Sheridan water rates could increase
Changes would bump bill about $17.50 per household
SHERIDAN – Water rates in Sheridan may soon be changing.
The town council is looking at raising the rates it charges for water.
The council approved a “resolution of intention” to change water rates at its July 9 meeting.
However, before the new rate system becomes final, the council will hold a public hearing on the rate increase on Aug. 13, at 6 p.m. at the Sheridan High School Library, during its regularly scheduled council meeting.
Under the current rate system, Sheridan charges the following rates for water:
Each water user is charged a monthly base rate of $30, plus a multiplier based on the size of the supply line, plus a useage charge for how many gallons of water are used.
For example, homes with a ¾-inch line, pay a base rate of $30. Their multiplier is 1. Those with a 1-inch line pay a base rate of $30 plus a multiplier of 1.79, equaling $53.70. Those with a 1.5 inch line pay $210, using the multiplier of 4. A 2-inch supply line has a multiplier of 7.14 and the base rate is $214.20.
The current useage charge is $1 per 1,000 gallons of water per connection. Use more than 1,000 gallons and a proportionate charge is added.
What the council is proposing will bump the base water rate to $45.
The multipliers will remain the same, although a 3-inch line now has a multiplier of 16, for a base rate of $720 per month.
The council also intends to bump useage charges up some, based on the number of gallons used.
• Up to 20,000 gallons would be be changed $1.25 per 1,000 gallons.
• 20,000 – 40,000 gallons of use would be charged $1.50 per 1,000 gallons.
• 40,000- 60,000 gallons of use would be charged $1.75 per 1,000 gallons.
• And more than 60,000 gallons of use would be charged at $2 per 1,000 gallons.
This change would take place in September, if finalized by the council.
The resolution of intention approved by council also allows council to bump water rates again, after an annual review of the costs involved in operating the system. These rates must be vetted during another public hearing on the proposed changes.
For the average homeowner with a ¾-inch water supply line using 10,000 gallons of water per month, according to the resolution, the increase in costs would be about $17.50, or a jump of almost 44 percent.
The average household uses about 6,000 gallons of water per month, according to town water records.
Mayor Bob Stump noted that these rates are similar to what Helena residents pay: $30 base rate, plus $1.10 per 1,000 gallons, plus sewer rates, a total of about $63.
“In the end, the bill is about the same as ours,” he told council.
The rate increase was largely brought about by Sheridan’s water supply wells drying up, and the need to find new water sources.
Sheridan has five wells, but just one is producing water, and according to Stump, voluntary conservation methods aren’t making a big enough dent in useage, despite water restrictions in place since last July.
Stump said irrigation – not bathing or drinking water – was the biggest use of water in the community.
Council also discussed acquiring Indian Creek water rights.
Stump said the town has certain rights on the creek, and wondered if it would be possible to use these, to augment the current supply problems.

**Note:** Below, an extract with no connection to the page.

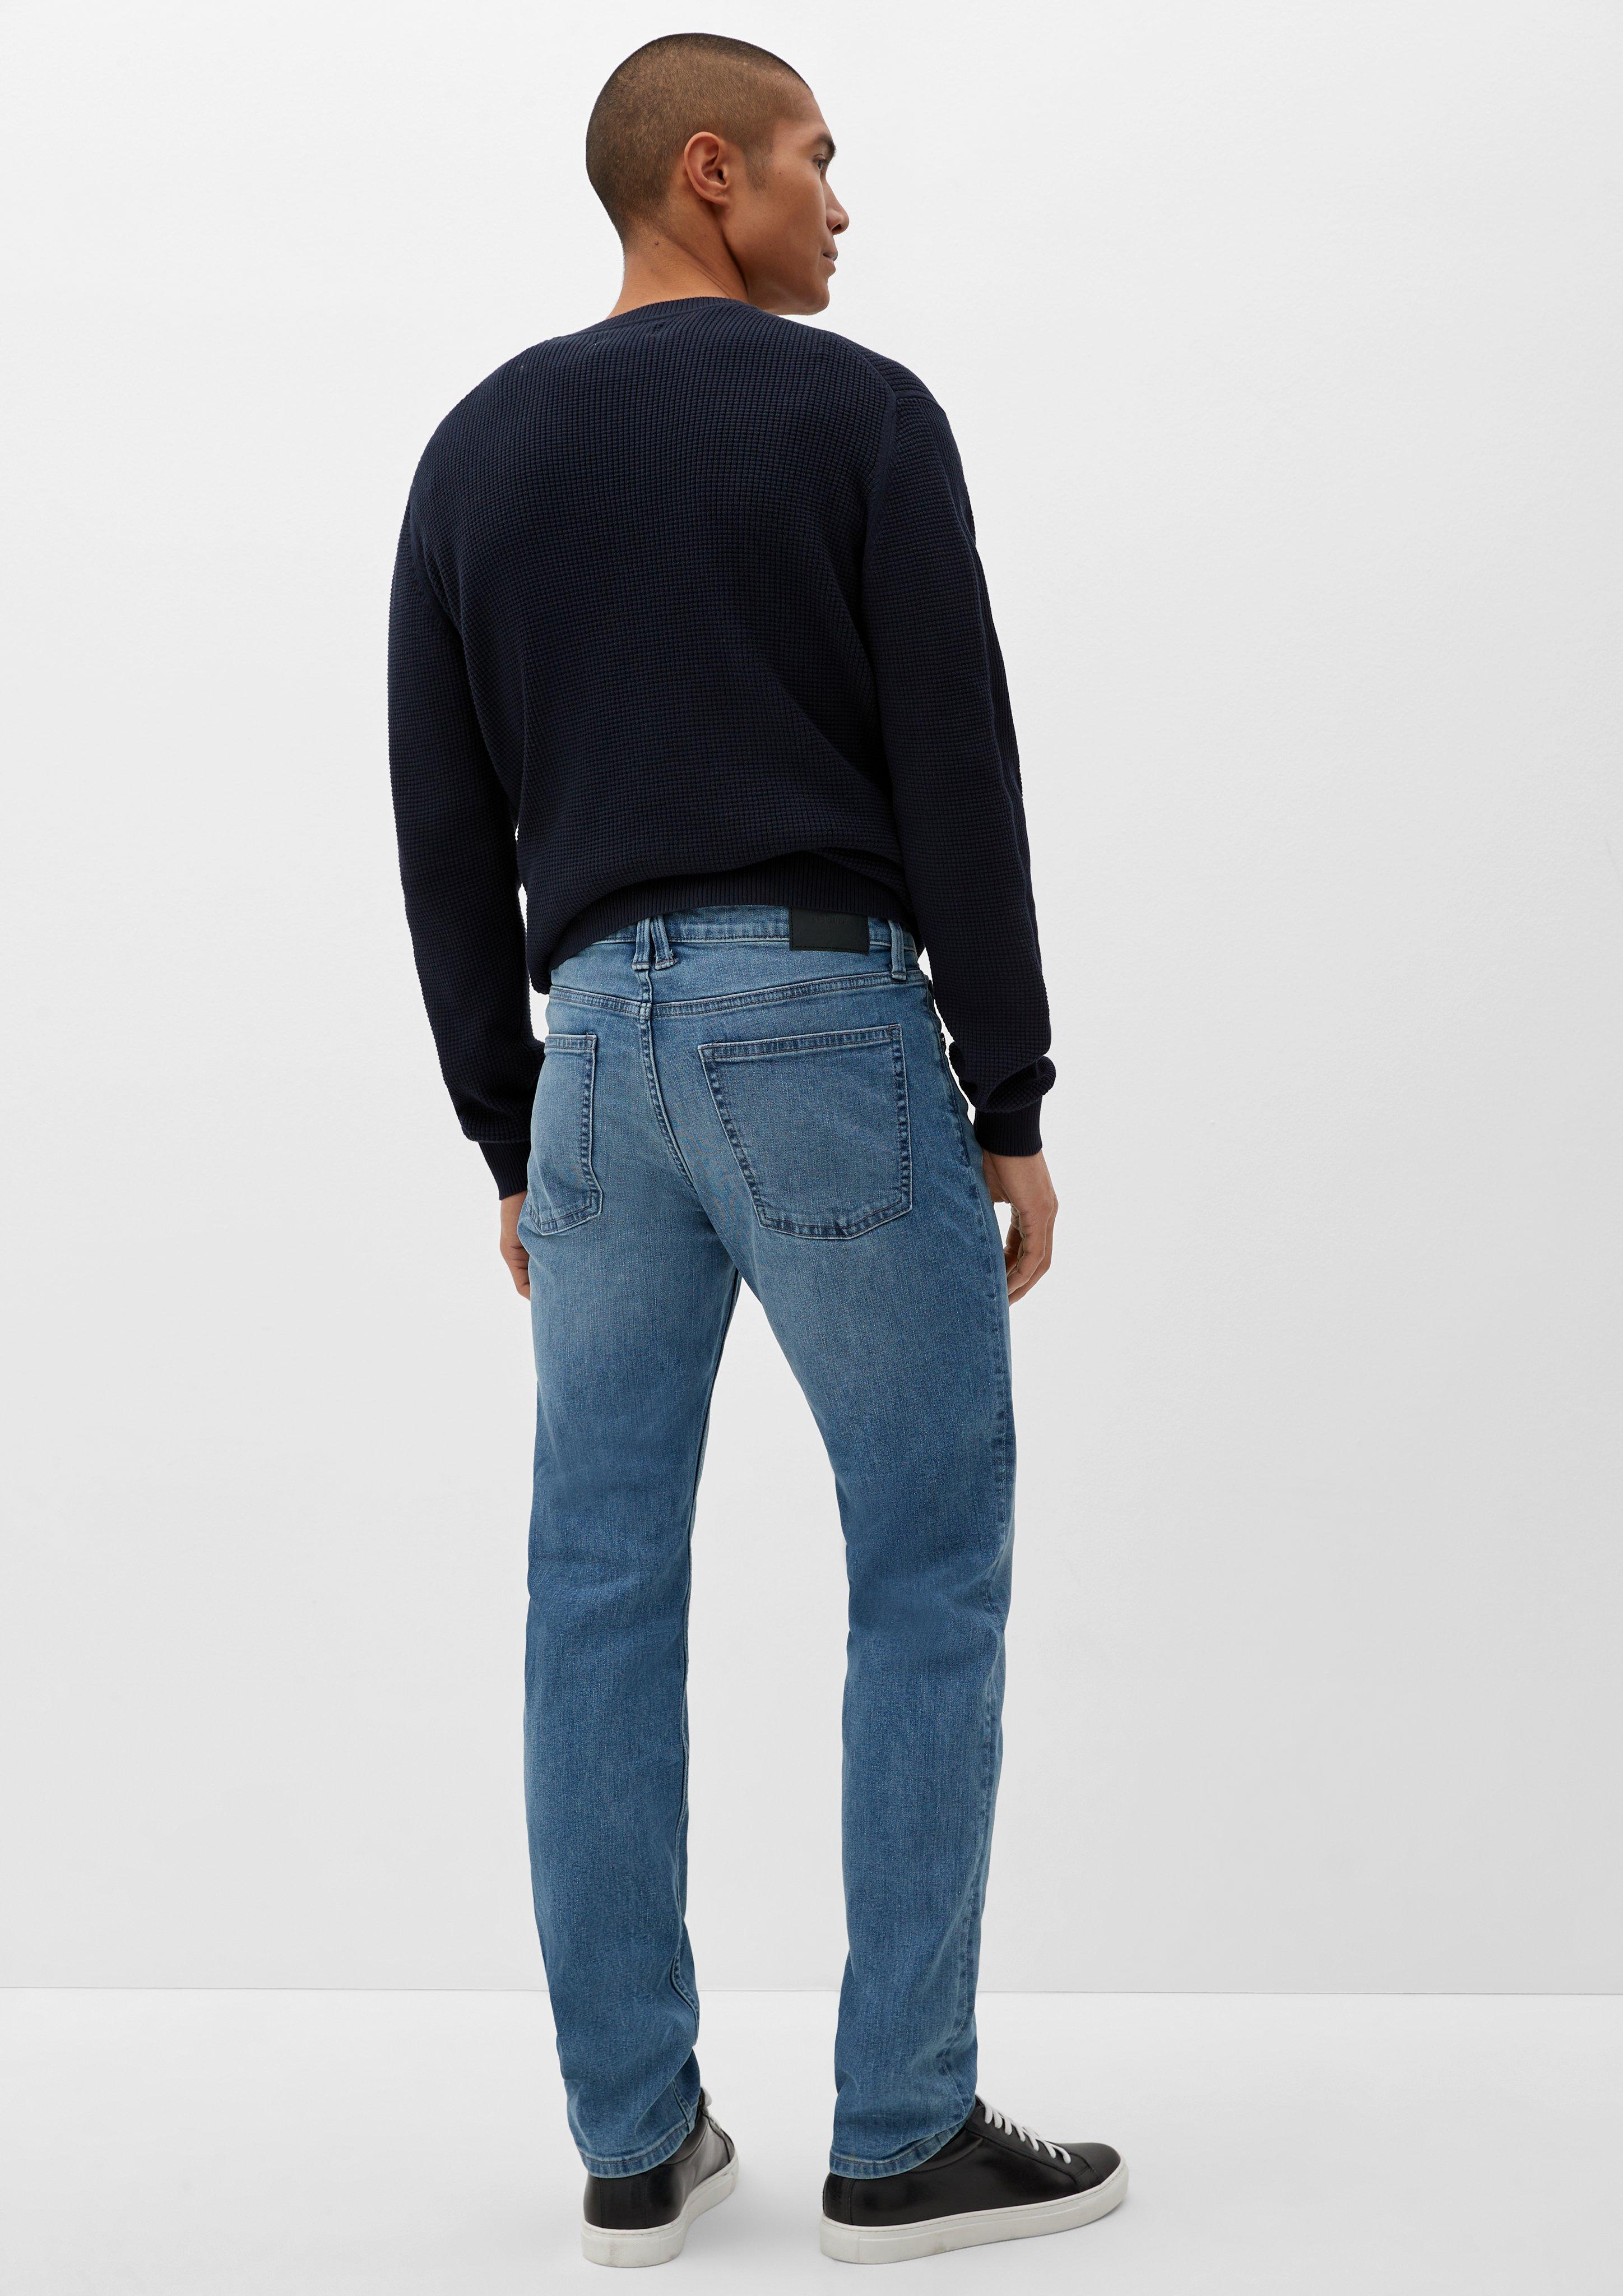 Denim trousers - light blue | s.Oliver

Stump said he’d looked at an old, no longer used, town water facility on the creek, visited the headgate and a spring house, a couple of miles upstream. These might represent two 50 gallons per minute water resources the town could tap, he told council.

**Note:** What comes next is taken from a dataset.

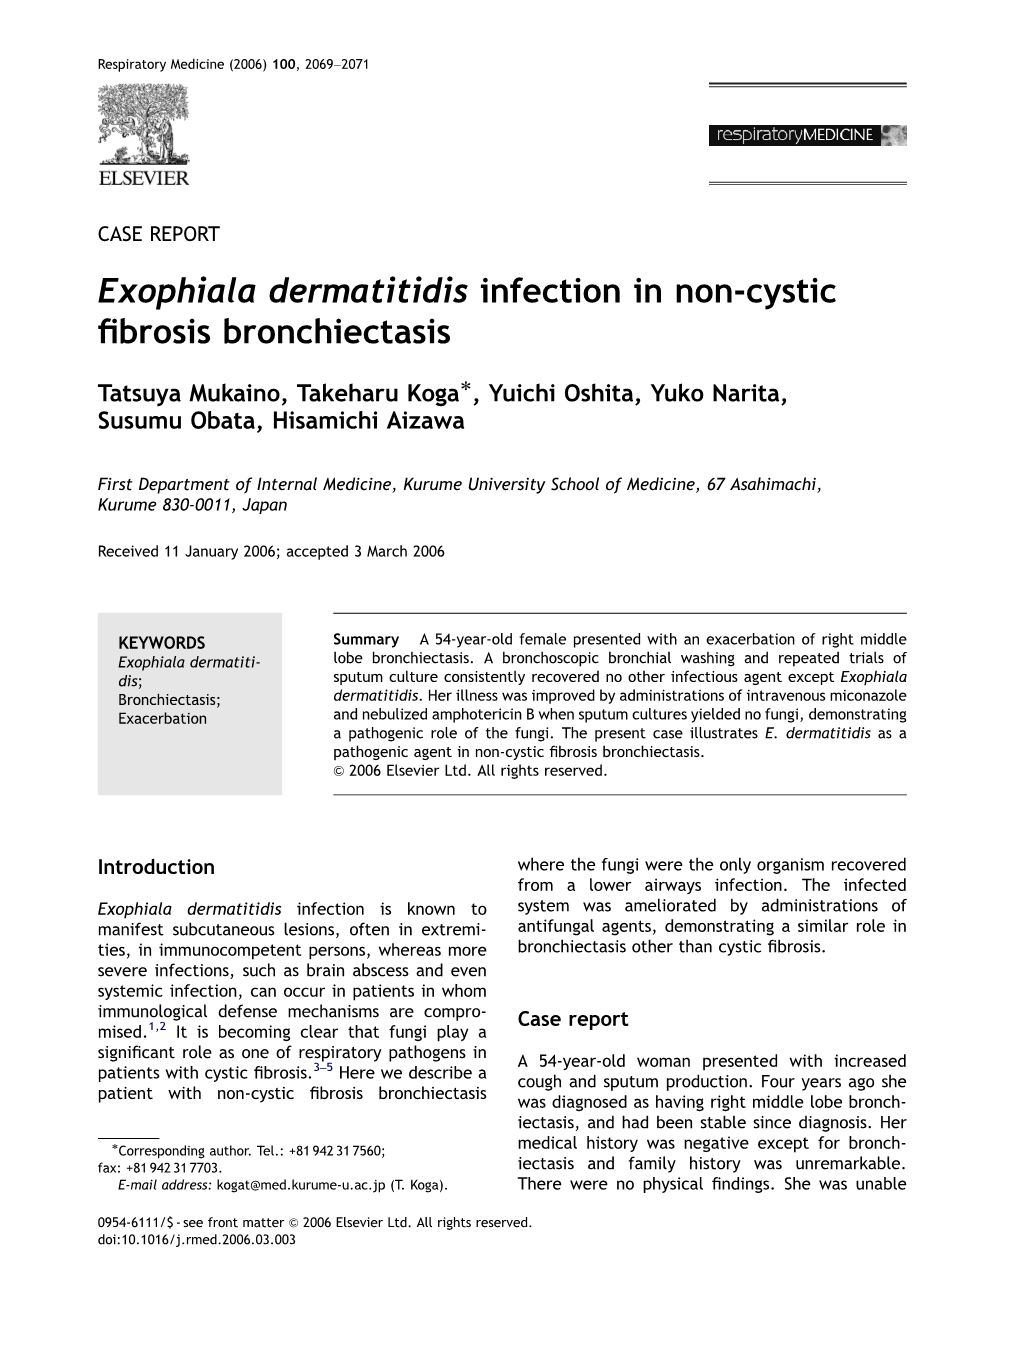 Exophiala Dermatitidis Infection in Non-Cystic Fibrosis Bronchiectasis

Stump said about nine years ago, the state Department of Environmental Quality (DEQ) asked the town to sever connections to these lines because animals got into the water source and drowned. One lady in the audience recalled how, many years ago when the town used Indian Creek water, her water smelled “skunky,” and it turned out that a skunk had gotten into the supply and drowned. Stump also noted that a cow had fallen into the water supply and drowned.
Stump said the town would need to treat this water, because it is surface water.
He said he received a figure of about $2 million to hook back up and use these water sources. There were also issues with water lines crossing seven additional properties.
Councilman Mike Walter said the town should preserve its rights to this water source.
Councilman Rahn Abbott believed the cost of acquiring this water would make it cost prohibitive, and wondered about its potability. He suggested keeping the water source as a dry hydrant resource since it ran close to the county road.
• Council also formally seated a new member, Emilie Sayler. Sayler fills Paul Kramer’s vacant seat.
• David Stout of the Ruby Conservation District and Watershed Council proposed that the watershed district and the town co-host meetings related to water supply problems.
• Council approved a cost of living wage increase for town employees of 3 percent.